After that day, Naveed affectionately calls me his kadoo tanbali, his pumpkin—his lazy squash, just like he calls his mom Gol-ab instead of Goli sometimes for all of her rosewater. And although I know it’s because I’m lazy, I like it. Because nobody has ever called me pumpkin.
Kitty Cat
Just in time for me to be saved from some horrible crime borne of my own frustration and impatience with living with Naveed’s mother, she goes to Montreal for three weeks because Naveed’s brother Darab is visiting there. He’s left their father in the care of a nurse and his wife’s parents who also live with them. Maybe Darab needed a break from all of these elderly parents, but instead he got his mother. Naveed would never say it, but I think he needed a break too because he asked Darab to invite her.

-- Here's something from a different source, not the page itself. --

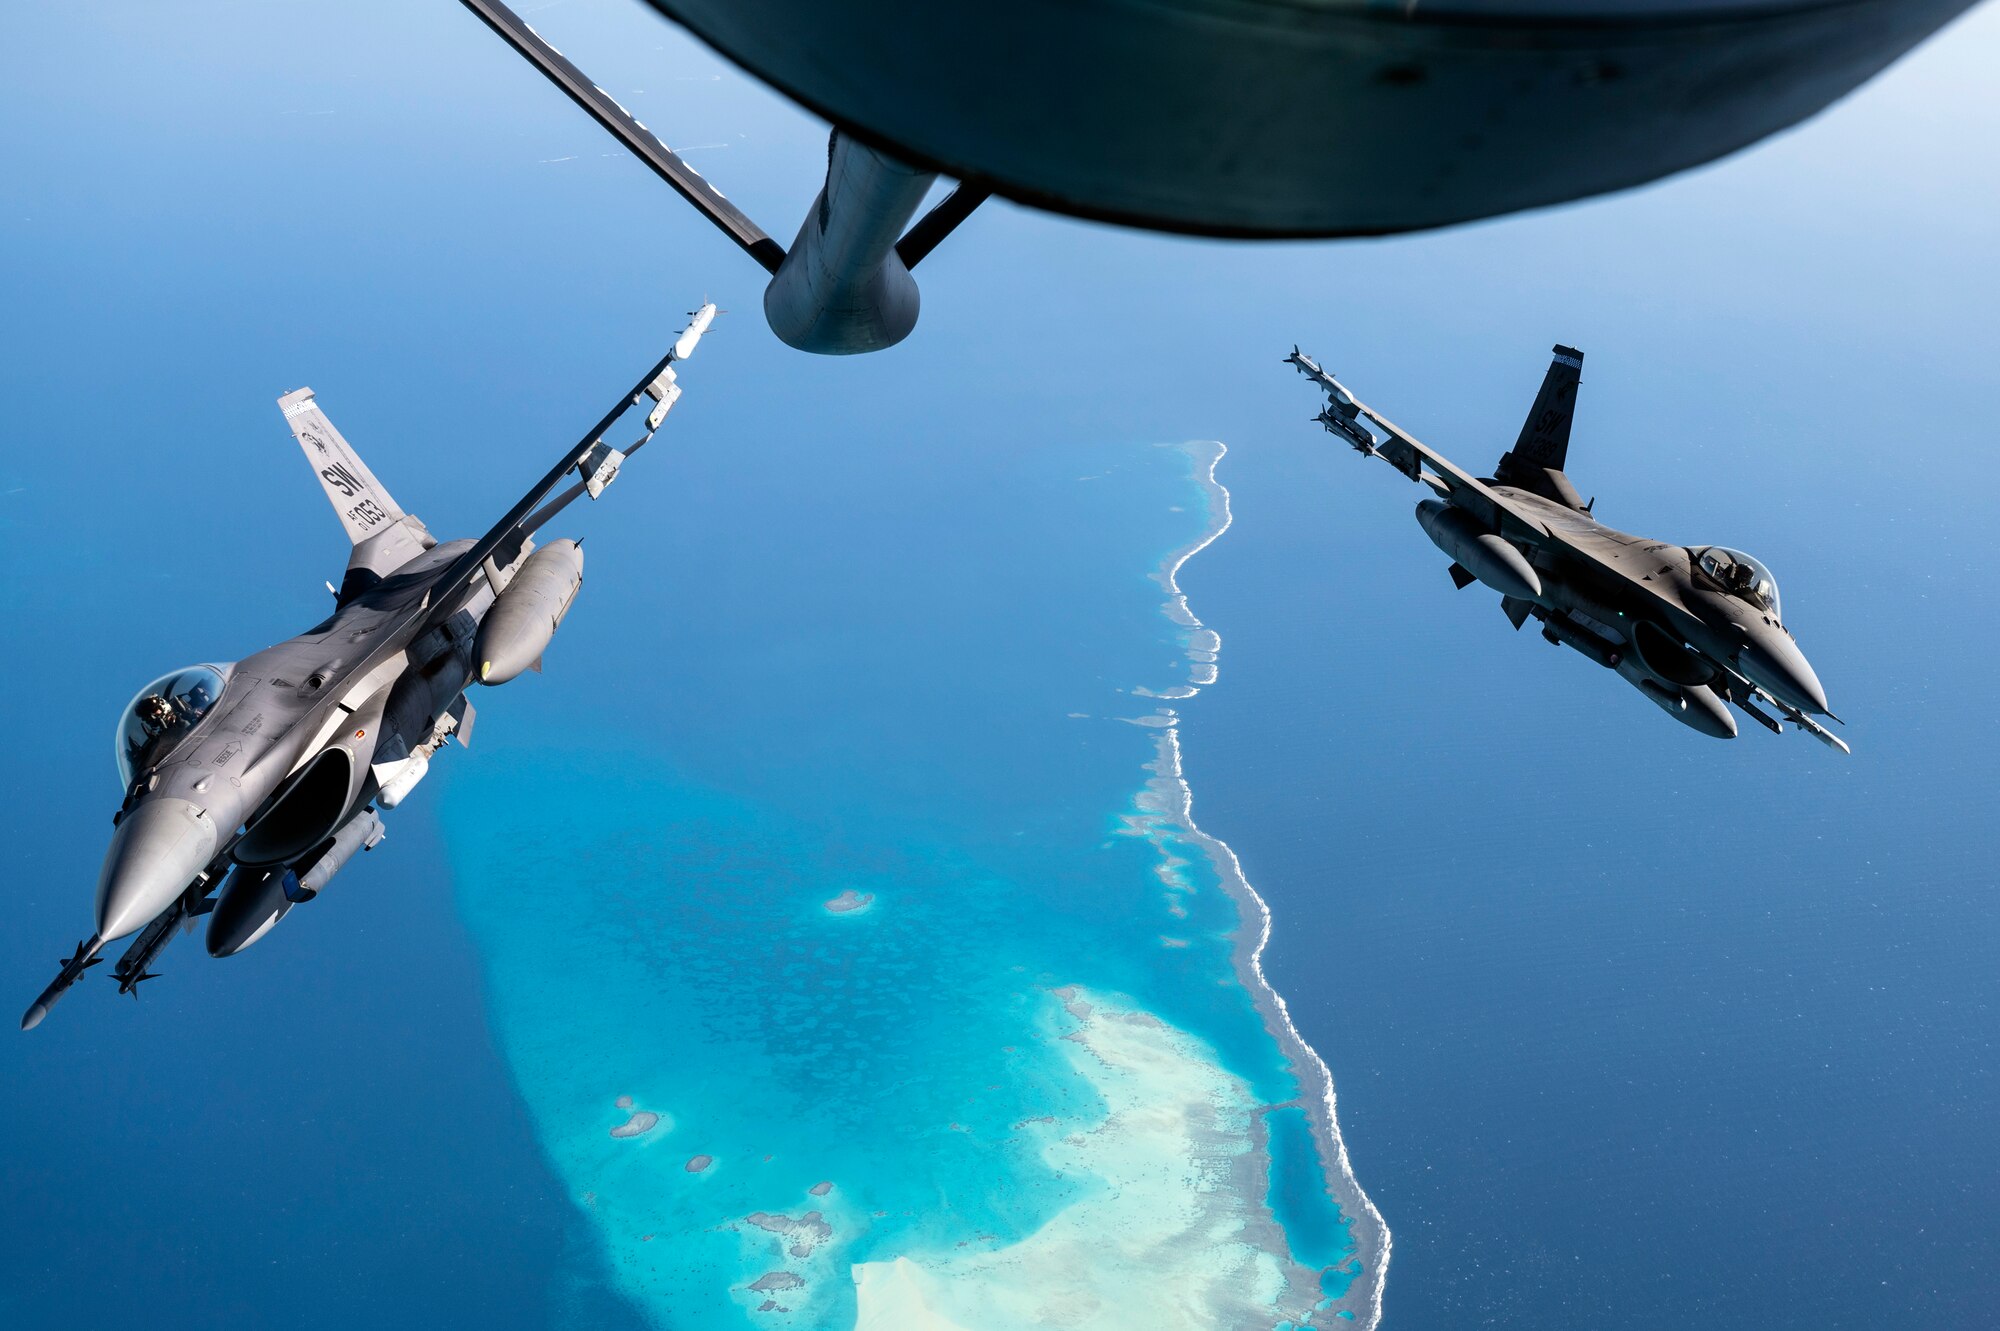 U.S. Air Force F-16 Fighting Falcons assigned to the 332nd Air Expeditionary Wing break away from behind a U.S. Air Force KC-135 Stratotanker

Oddly, I miss Goli Joon in a way while she’s gone. Like when I happen to catch a good Oprah show or eat some really sweet fruit that might prove to be as good as the fruit in Iran and I just want to see if she agrees. Or when I’m cold and wearing my fleece stocking cap that she sewed for me to wear around the house. She sewed one for Naveed too, and even one for Courtney.
The yard is full of weeds when Goli Joon is not there to pull them. I look around at all the weeds and think, if Goli Joon were here this would be all herbs.

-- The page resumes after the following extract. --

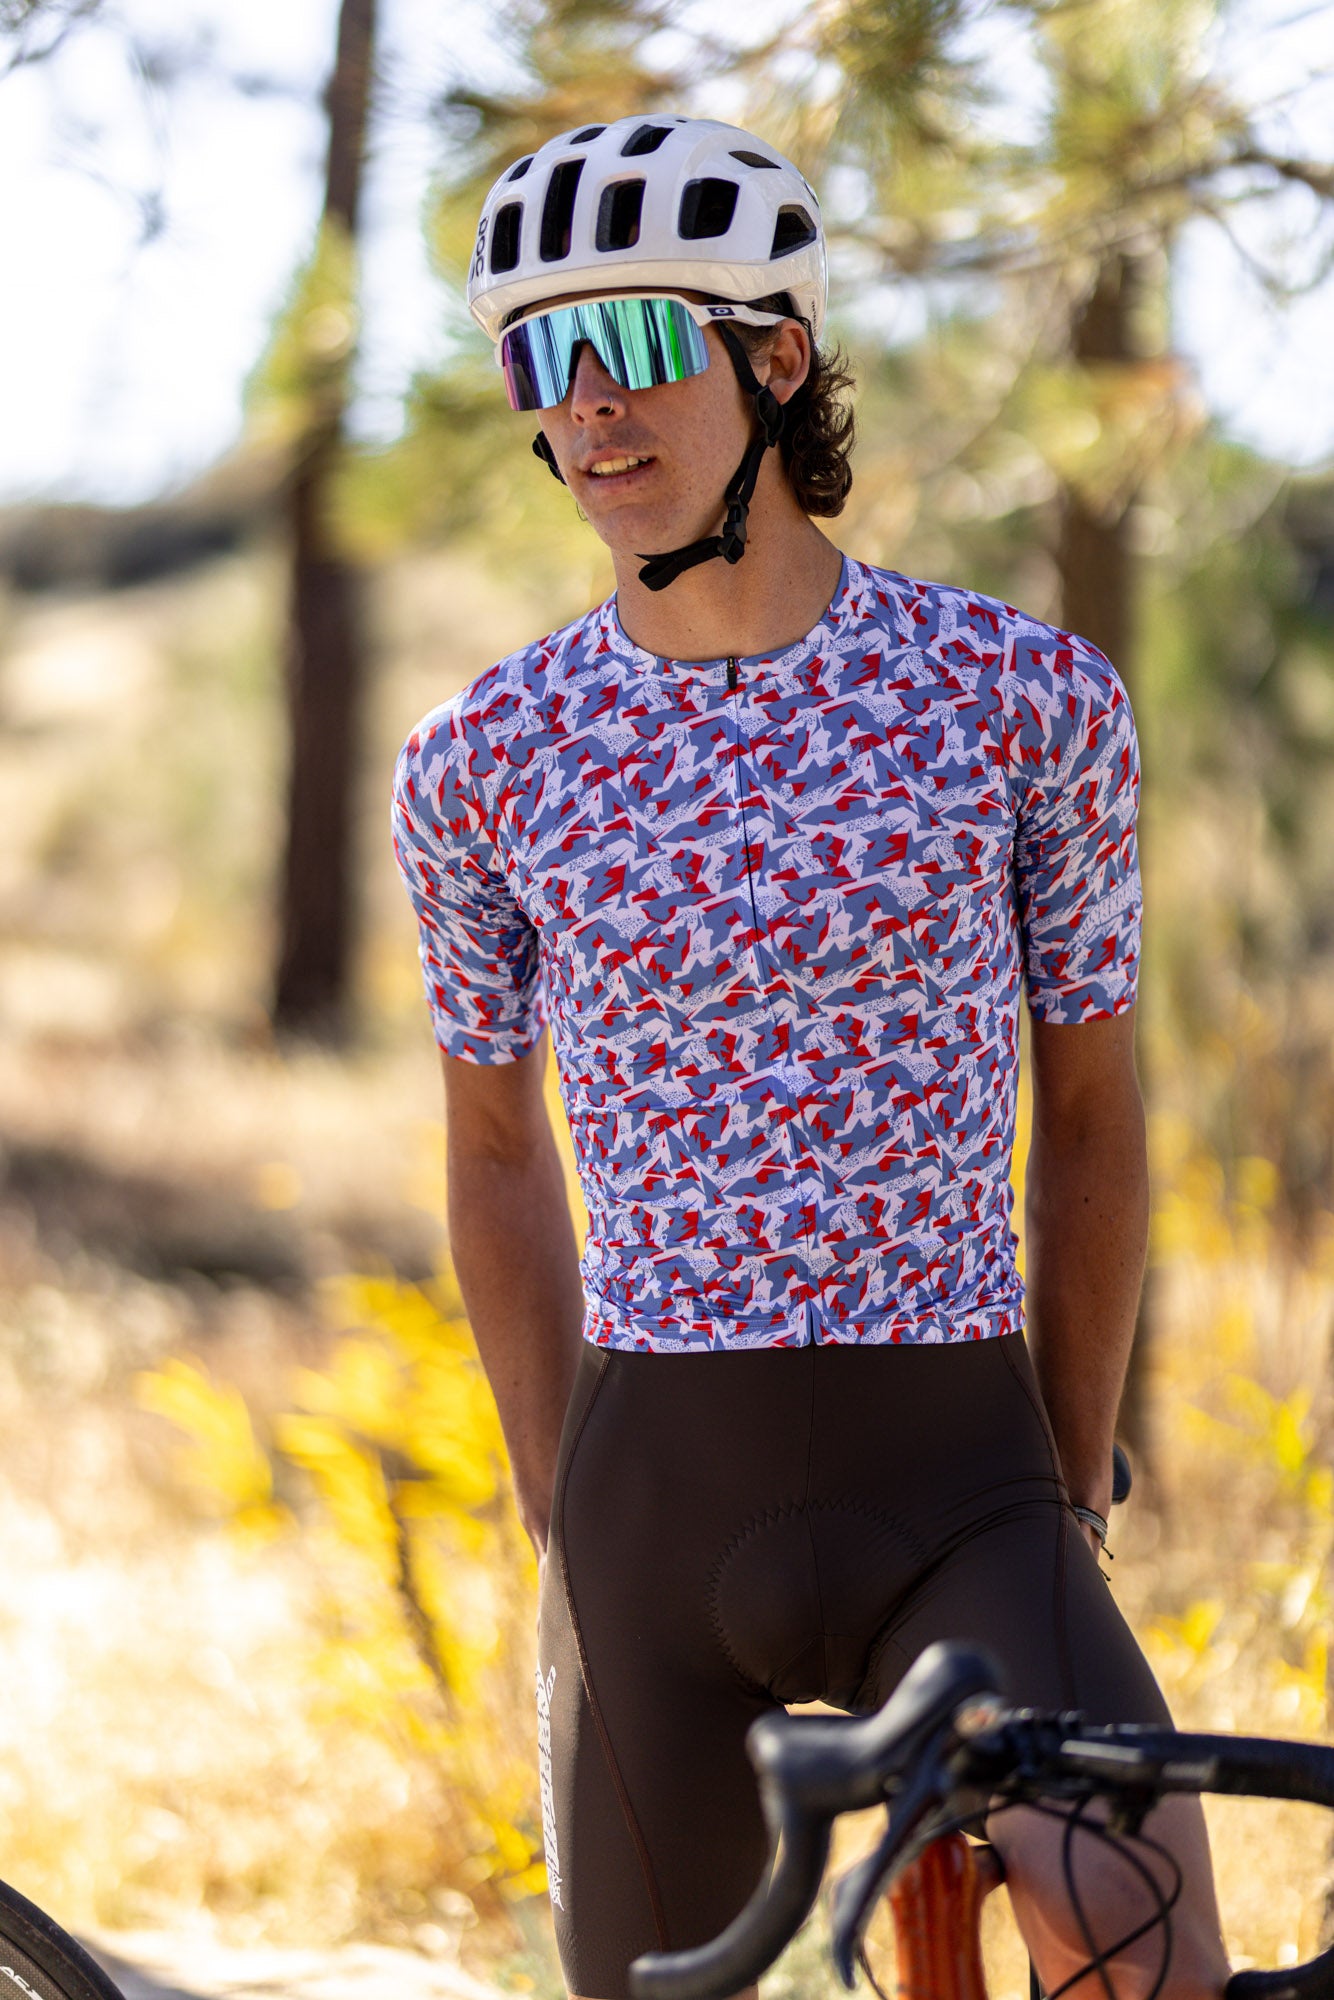 EOE Micro Print Jersey Red/White/Blue

While she’s gone, we take in a stray kitten. I know Goli Joon doesn’t like cats, and I know that Naveed knows this too, so I’m not sure why either of us agreed to take the kitty.
When she returns, she seems insulted that we have done so and she starts complaining more about all kinds of
things. She seems more easily aggravated since returning from her trip.

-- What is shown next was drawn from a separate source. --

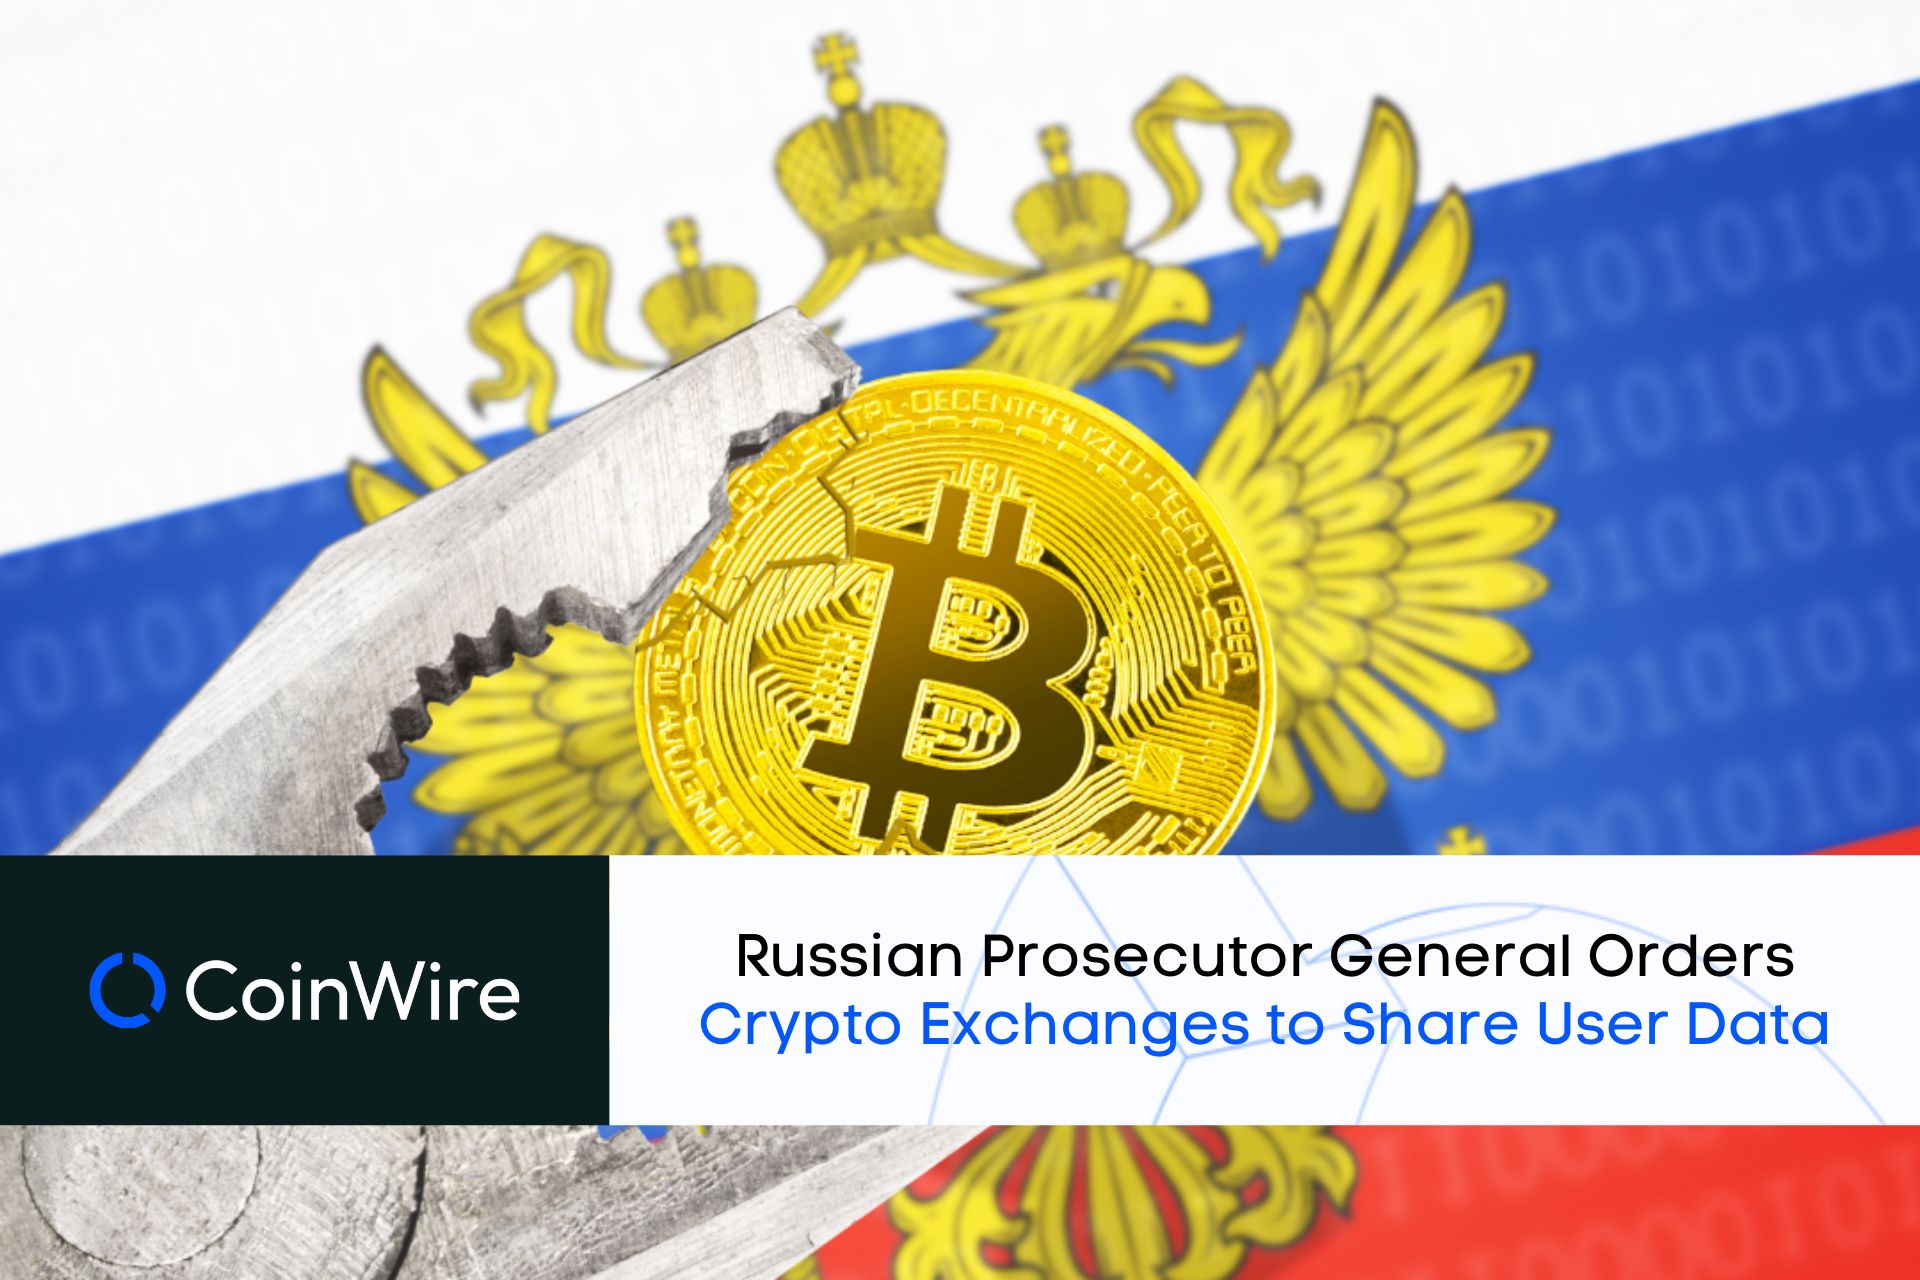 Russian Prosecutor General Orders Crypto Exchanges To Share User Data

One day, Naveed drops me and Goli Joon off at Minnesota Fabrics and says he’ll pick us up in forty-five minutes, and then doesn’t come back for two hours. He’s at Home Depot and doesn’t look at his watch. Goli Joon, after almost two hours, waits at the glass door for him, and begins crying. I try to get her to look at the pattern books with me, but she thinks Naveed has been killed in an accident. She begins hitting herself, right in front of the other customers, who then stare at both of us. When he still hasn’t come back after another half hour of this embarrassment, I feel like hitting myself too. Instead, I pinch the skin between my index finger and my thumb, which is much more discreet.
When Naveed finally pulls up in his CRX, I climb in back and Goli Joon collapses into the front passenger seat. She cries to him that he doesn’t care about her, and that he doesn’t want her to live with us, because otherwise why did we get a cat and why would he forget her at the fabric store? She cries that she knows I don’t want her there either.
Naveed just lets her vent, and tries to explain that Home Depot is like another dimension to him. He wasn’t wearing his watch and they didn’t have any clocks in there. Of course we want her to stay with us for as long as she will honor us with her company. And, he adds in the rush of the moment, we will kick out the renters so the cat can stay downstairs.
Agricultural Science
My mass communications degree, my PR work for the Gypsy human rights guy, and my productivity as Editorial Assistant have paid off. I have already been promoted to Production Editor at Agricultural Education Consultants.
I somehow almost fit in at this job, where I write in bullet points all day long. Now that there’s the internet, my bullet point writing skills are in high demand. Nobody wants to read anymore, but only to scan for information, my boss says. Also, it’s a good fit because all the women here and two guys watch All My Children in the employee lounge at lunchtime. Along with my promotion, I’m now eligible for the company’s tuition reimbursement program, so I start looking at the university’s course catalog. After all those tuition checks, my dad won’t believe I get to take classes at the company’s expense instead of his.